Purpose: An investigational, proof of concept study, to evaluate the impact of low and high controlled humidity environments on contact lens (CL) dehydration.

Methods: 10 non-symptomatic adapted CL wearers were screened and randomized to a treatment sequence of two different CL materials (etafilcon A [ETA] and senofilcon A [SEN]) worn at four EEC visits in which the environmental conditions were set to either 10±3% RH or 50±5% RH, an air flow of 2-5ft/sec and a temperature of 23±3°C. Prior to entering the EEC, randomized CLs were worn briefly (<1 min) by the subjects and then removed so their baseline wet weight could be measured using gravimetry. A new pair of randomized CLs was then inserted prior to the subjects entering the EEC for 150min to visually task on a digital screen. Upon exit from the EEC, all worn CLs were removed directly from the eye and their post-EEC wet weight measured via gravimetry. Following wet weight measurements, CLs were fully dehydrated and dry weight measured. CL water content determined according to ISO standards.
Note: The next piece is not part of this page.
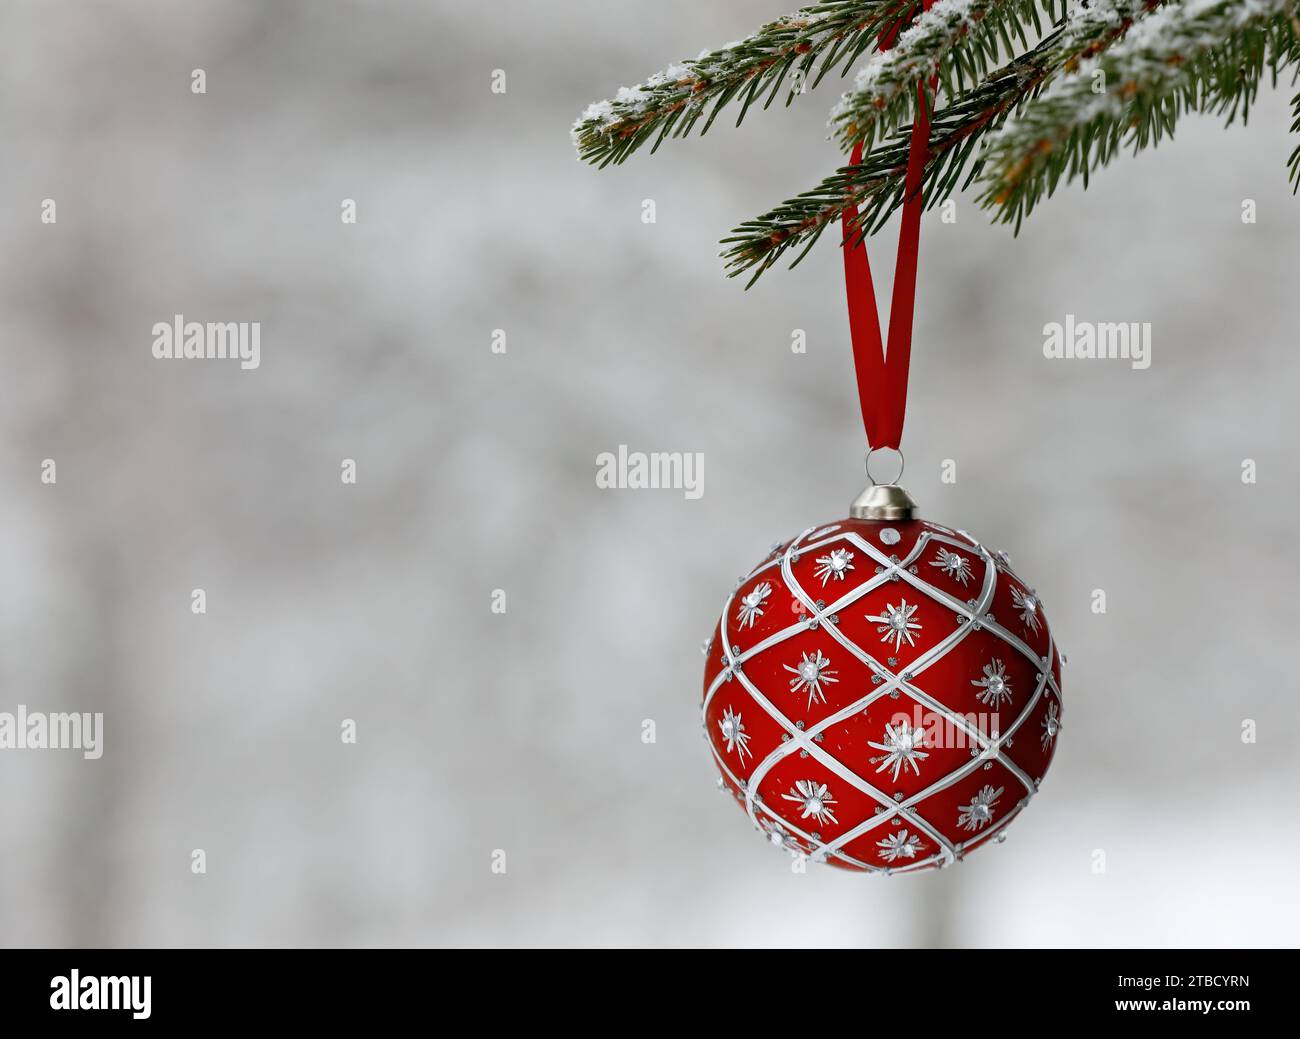 A red Christmas ball hangs on a spruce branch Stock Photo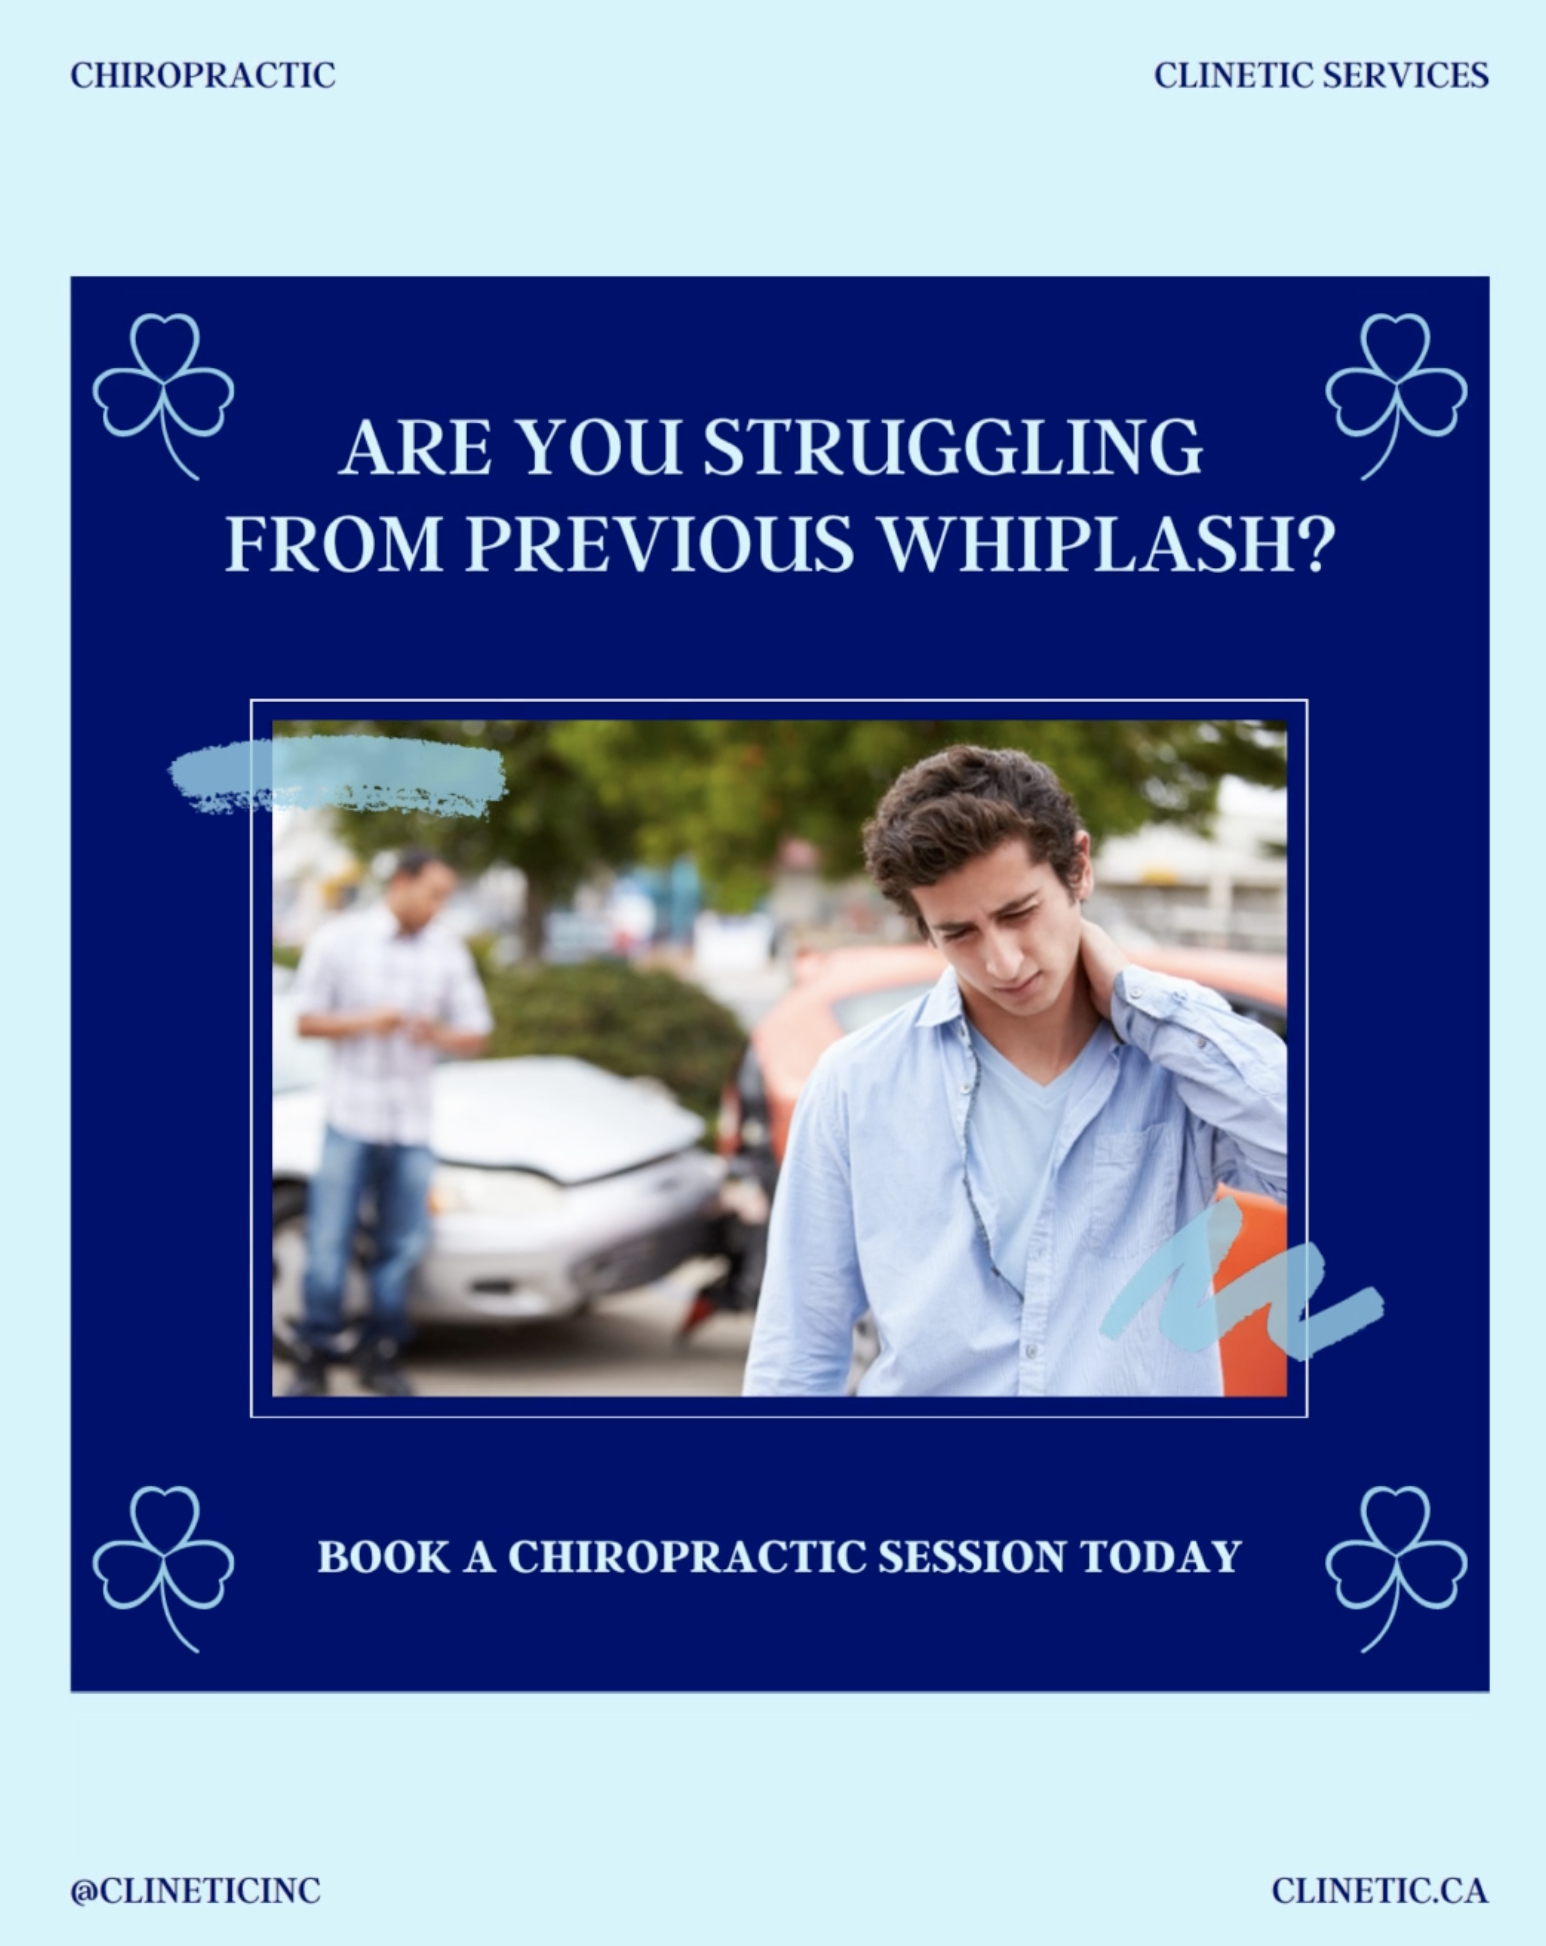 Are you struggling from previous whiplash?

Results: ANCOVA analysis of the main variables, revealed statistically significant differences (p<0.002) in MCFB CL water content when lenses were worn in the EEC under RH10% when compared to RH50%. Similarly, statistically significant differences between SEN and ETA MCFB CL water content were also found in the EEC (p<0.002). When looking at the individual treatment regimens in the ANCOVA analysis, the greatest MCFB decreases in water content were seen for ETA RH10% (LSMeans -4.90%±0.23%) when compared to ETA RH50% (LSMeans -3.08%±0.23%), p<0.0001. Statistical differences in LSMeans were also seen between 10%RH ETA and 10%RH SEN (p=0.047) and between 50%RH ETA and 50% SEN (p=0.001).

Conclusions: In vivo contact lens dehydration can be examined in the controlled humidity EEC model; the low humidity EEC elicits more CL dehydration than high humidity EEC conditions, especially for ETA. In this small sample, the controlled humidity EEC model was able to detect small differences in water content between different lens materials as well as in different humidity conditions using the ANCOVA model.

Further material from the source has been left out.